Deux mondes qui se croisent

La culture ancestrale des bains hongroise ne disparaîtrait-elle pas au profit d’un tourisme de fêtard ? Selon János Torbágyi, les Sparty sont au contraire une «bonne chose» : «on apporte quelque chose de nouveau dans le monde des thermes».

Une nouveauté pas forcément appréciée des Hongrois. Aujourd’hui, certains locaux préfèrent se rendre dans des thermes plus confidentiels, comme à Lukács, ou viennent très tôt le matin pour éviter les étrangers. Mais touristes et Hongrois continuent de se croiser dans les vestiaires collectifs des bains de Széchenyi. Tandis que les grand-mères n’hésitent pas une seule seconde à se changer devant les autres, certaines étrangères préfèrent s’habiller dans les toilettes pour plus d’intimité. 
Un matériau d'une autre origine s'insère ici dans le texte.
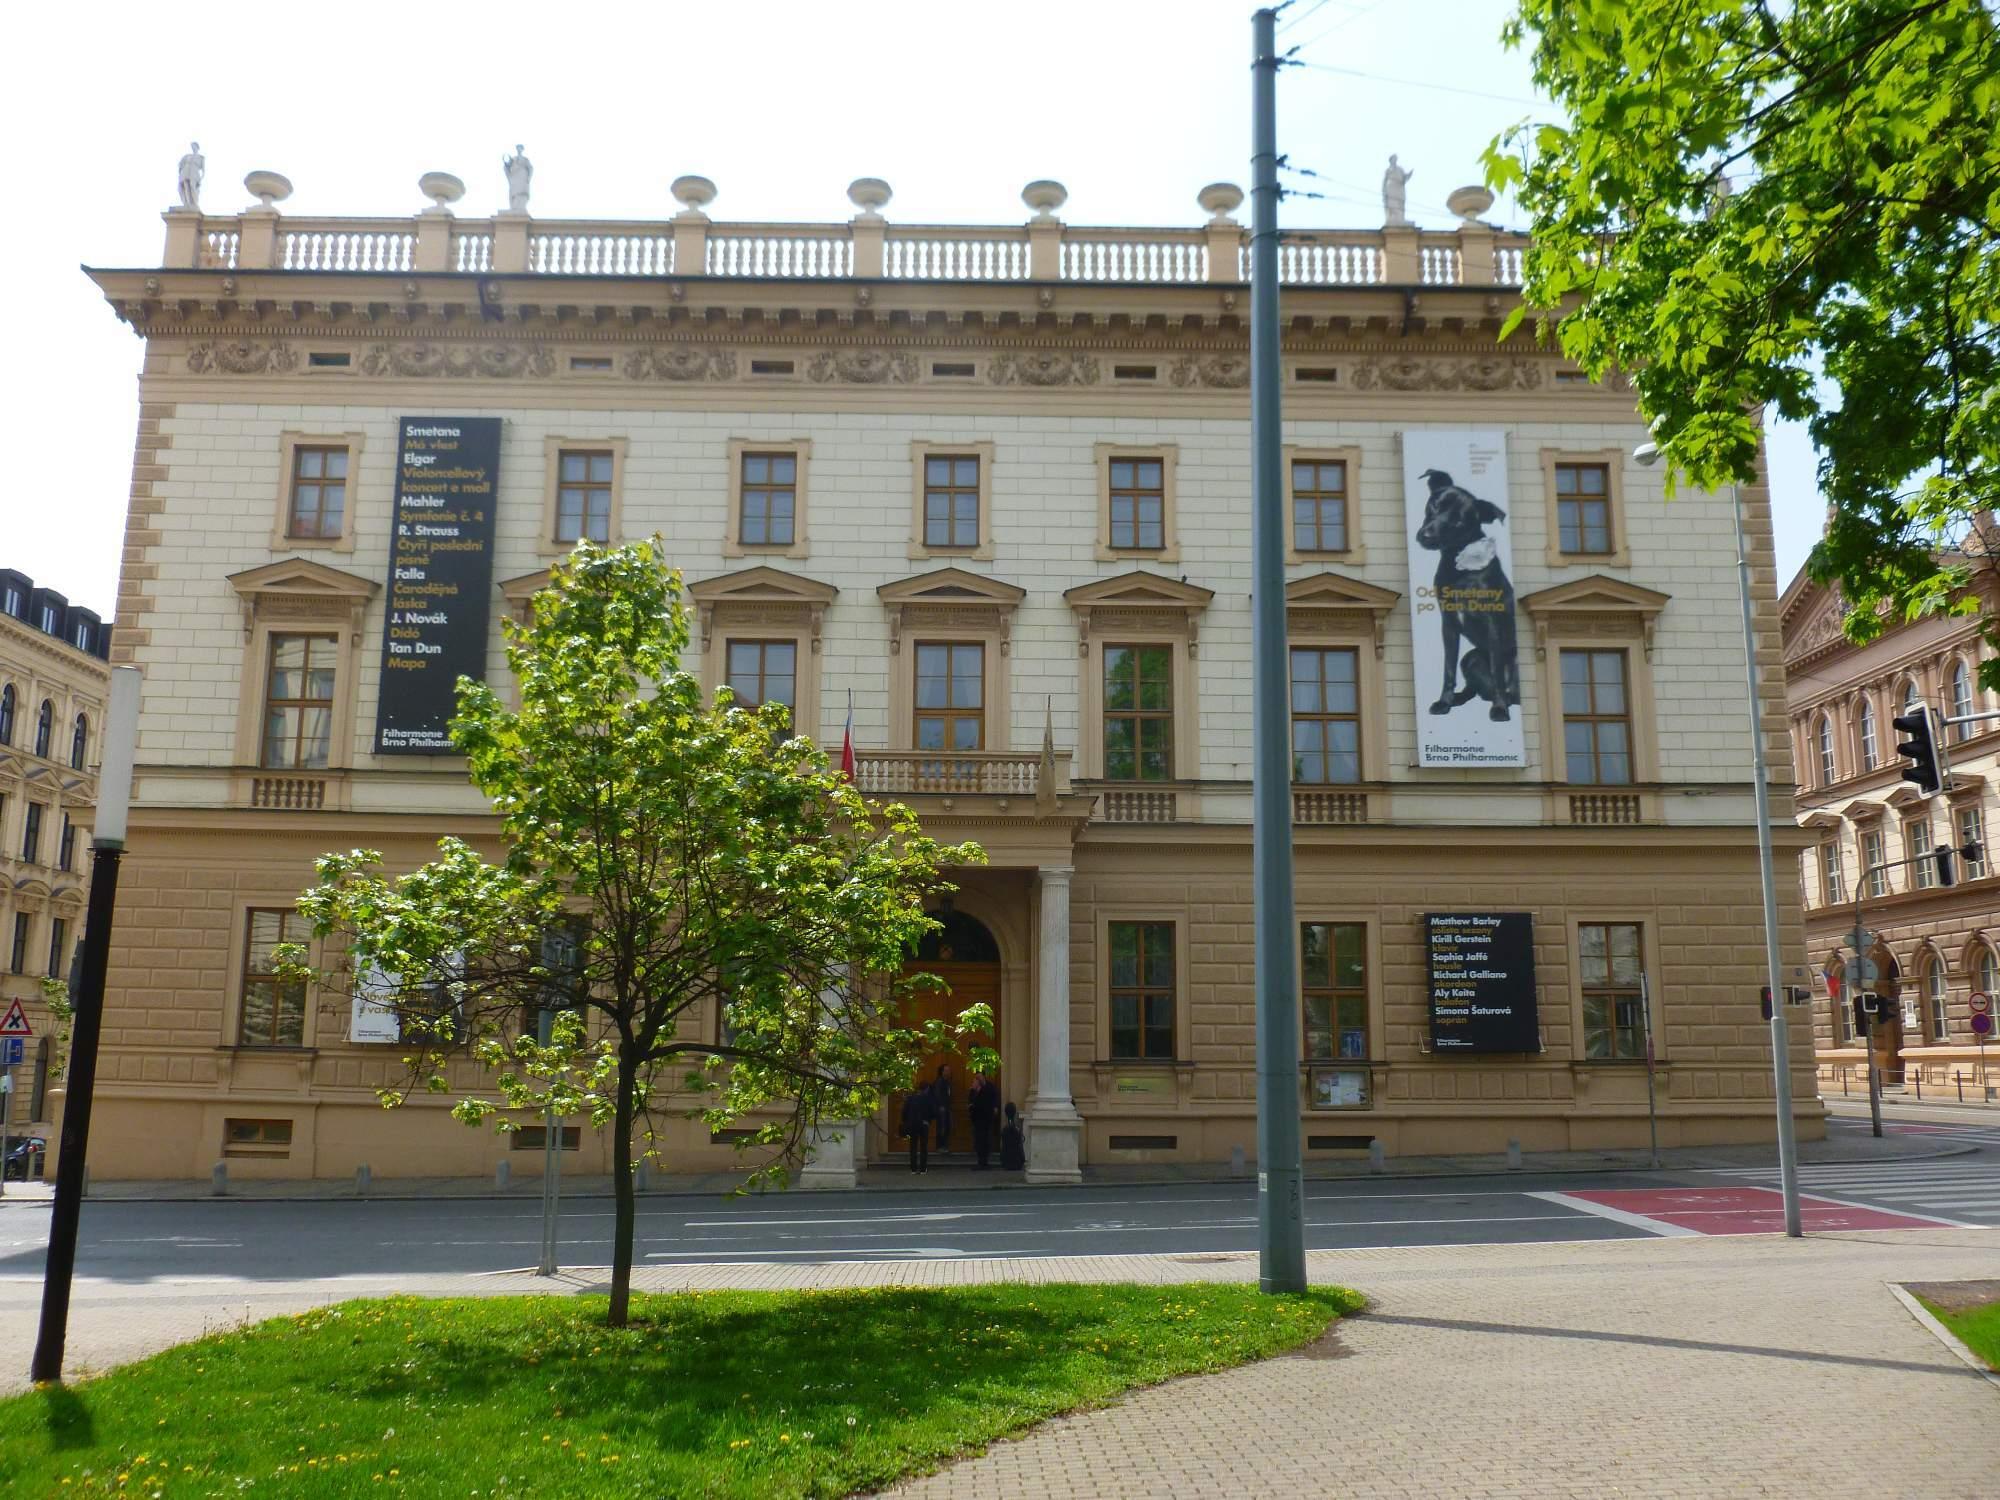 Další českou stavbu představuje Besední dům, který pro brněnské Čechy znamenal centrum kulturního života. Foto: Kristýna Hortvíková

Les bains Széchenyi font partie des thermes les plus populaires de Budapest. © Magyarpart

Deux mondes qui se croisent et qui, parfois, se rencontrent. Dans les bassins extérieurs de Széchényi, une deuxième table d’échec a été installée à l’opposé de la première. Certains jeunes se risquent à y jouer, en espérant peut-être imiter leurs aïeuls.